UTF stands for Unicode transformation unit.

UTF-8: It represents 1 Byte(8 bits). It uses one byte to encode the English character.

UTF-16: It uses 2 Bytes(16 bites) to encode .

UTF-32: It uses 4 Bytes(32 bits) to encode the characters.


Code Points:
                       The values written in unicode is written as Hexadecimal Numbers. Its all the values have a prefix of "U+" 
for Example: A represents as U+0041 and "a" represents as U+0061

These code points are further divided into 17 separate sections callled as "Planes".

The first plane, which have most commonly used characters is know as " Basic Multilingual Planes".



Basic difference between UTF-8 and UTF-16

Now over all the web development languages over internet have UTF character set.Among those, UTF-8 and UTF-16 are most commonly used families.


UTF-8 encodes a character using 1 to 4 bytes. It usually uses 1 byte(8bits) to encode a character and for representing other characters which require more than 1 byte it uses the combination of characters.
and UTF-8 contains only ASCII character set.

UTF-16 uses exact 2 Byte(16 bits) per character.
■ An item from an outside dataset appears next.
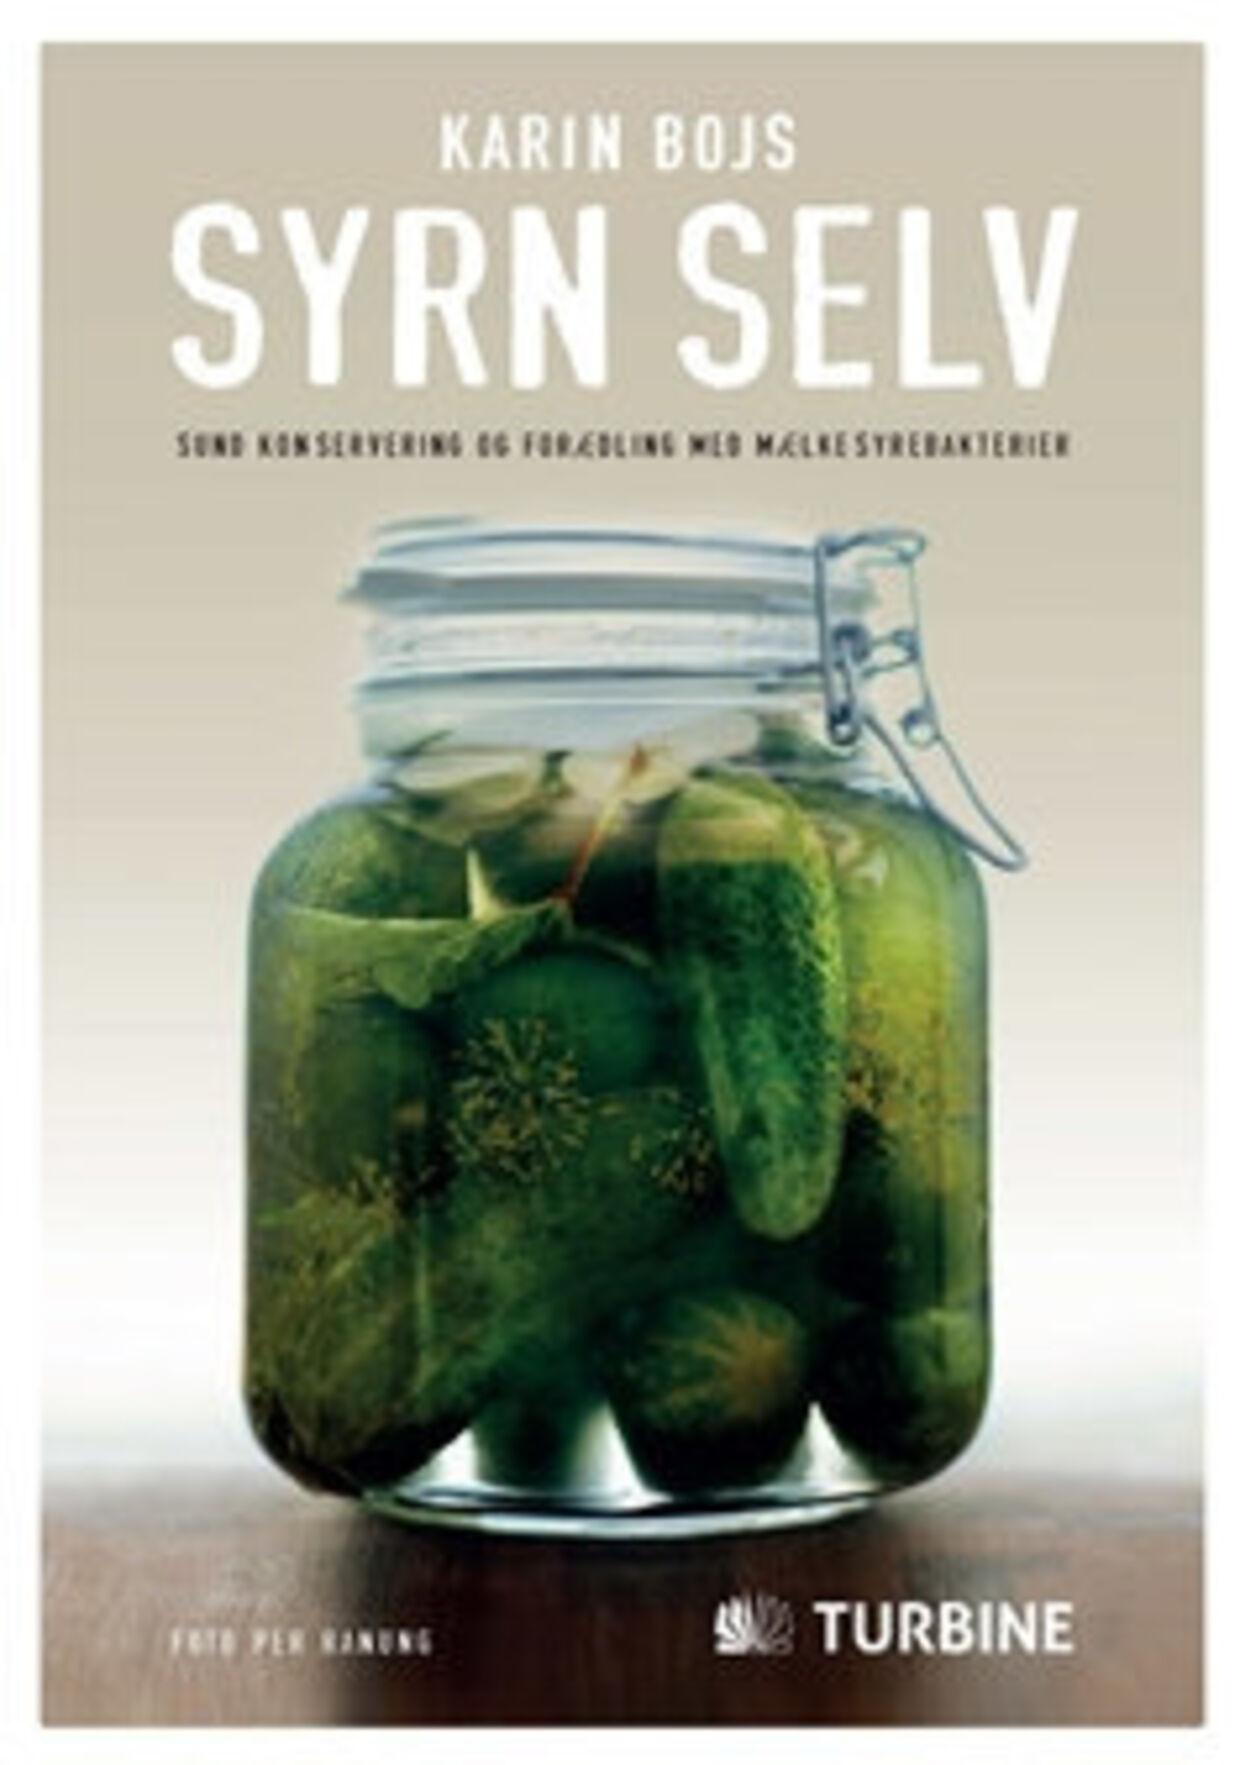 I 'Syrn selv' guider Karin Bojs dig gennem de enkelte trin til syrning af grøntsager og deler bl.a. opskrifter på retter fra hele Europa, hvor syrnet tilbehør passer til.

In this frmat, the space sometimes remains empty; which is unnecessarily wastage of memory.
and UTF-16 contains Latin, Cyrillic, Chinese, Japenese character sets.

There are three basic versions for UTF-16 and UTF-32, which are as follow:

BE : Big Endian byte serialization(Most significant first)

LE: Little Endian byte serialization(Least significant first)

unmarked: It by default follows Big endian byte serialization.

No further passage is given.